The Ninth Circuit has deferred to the Board of Immigration Appeals’ (BIA) decisions in Matter of Medina-Jimenez and Matter of Obshatko and concluded that the categorical approach does not apply to the analysis of whether a conviction related to violating a protective order disqualifies an applicant from cancellation of removal for non-lawful permanent residents. “The presence of the word ‘convicted’ in § 1229b(b)(1)(C) and its absence from § 1227(a)(2)(E)(ii), renders the statutory language ambiguous regarding whether the categorical approach applies to determining whether an alien is removable under § 1229b(b)(1)(C) for violating a protection order under § 1227(a)(2)(E)(ii).” “The BIA’s two-step inquiry for determining whether an alien is ineligible for cancellation of removal based on a violation of a protection order is consistent with the statutory language and is a reasonable interpretation: whether the alien has been ‘convicted’ as defined by § 1101(a)(48)(A); and whether a state court found that the alien’s ‘offense’ involves conduct described under § 1227(a)(2)(E)(ii).”

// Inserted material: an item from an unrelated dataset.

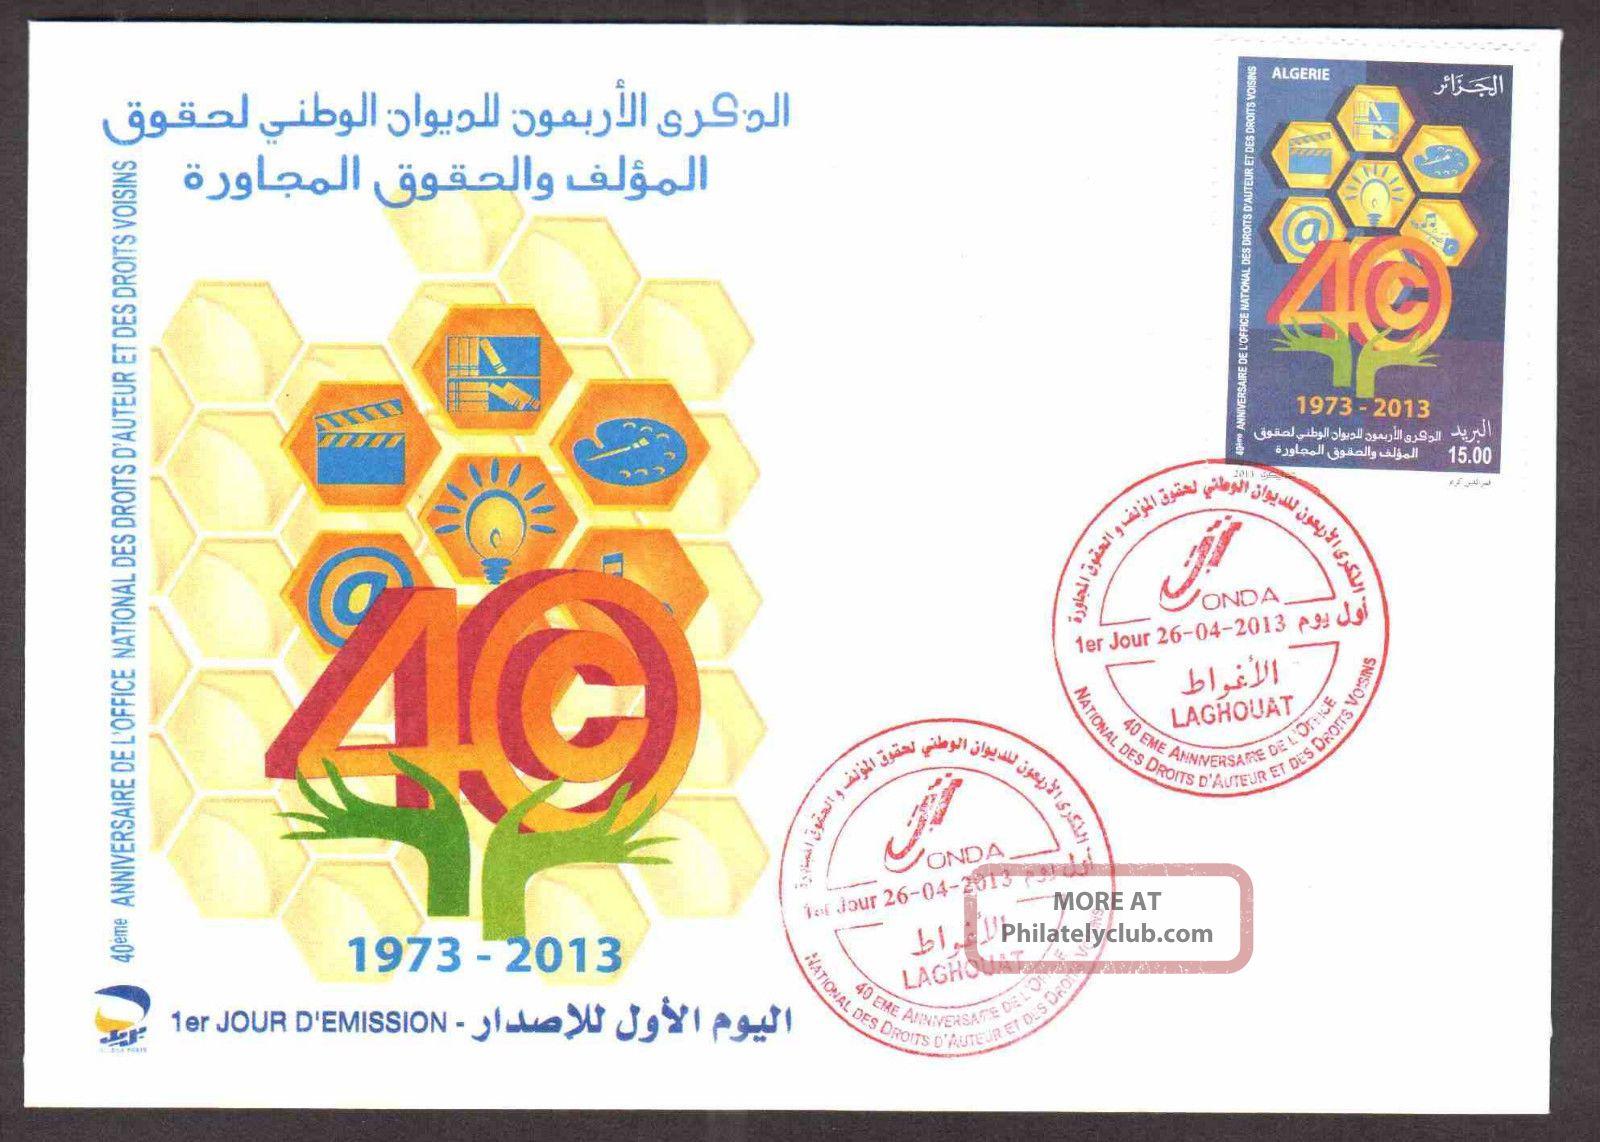 Algeria 2013 - Copyright & Intellectual Property - Apr 26th - Fdc,

The Ninth Circuit also agreed with the BIA that a state’s labeling of an offense as a conviction is not determinative as to whether the offense qualifies as a conviction under the immigration laws, so long as the underlying proceeding is criminal in nature. “The proceeding should at the very least comply with basic notions of procedural due process—e.g., notice and opportunity to be heard in front of an impartial tribunal.” Thus, a violation of an Oregon restraining order under the Family Abuse Prevention Act, though not considered a crime under Oregon law, meets the definition of a conviction for immigration purposes.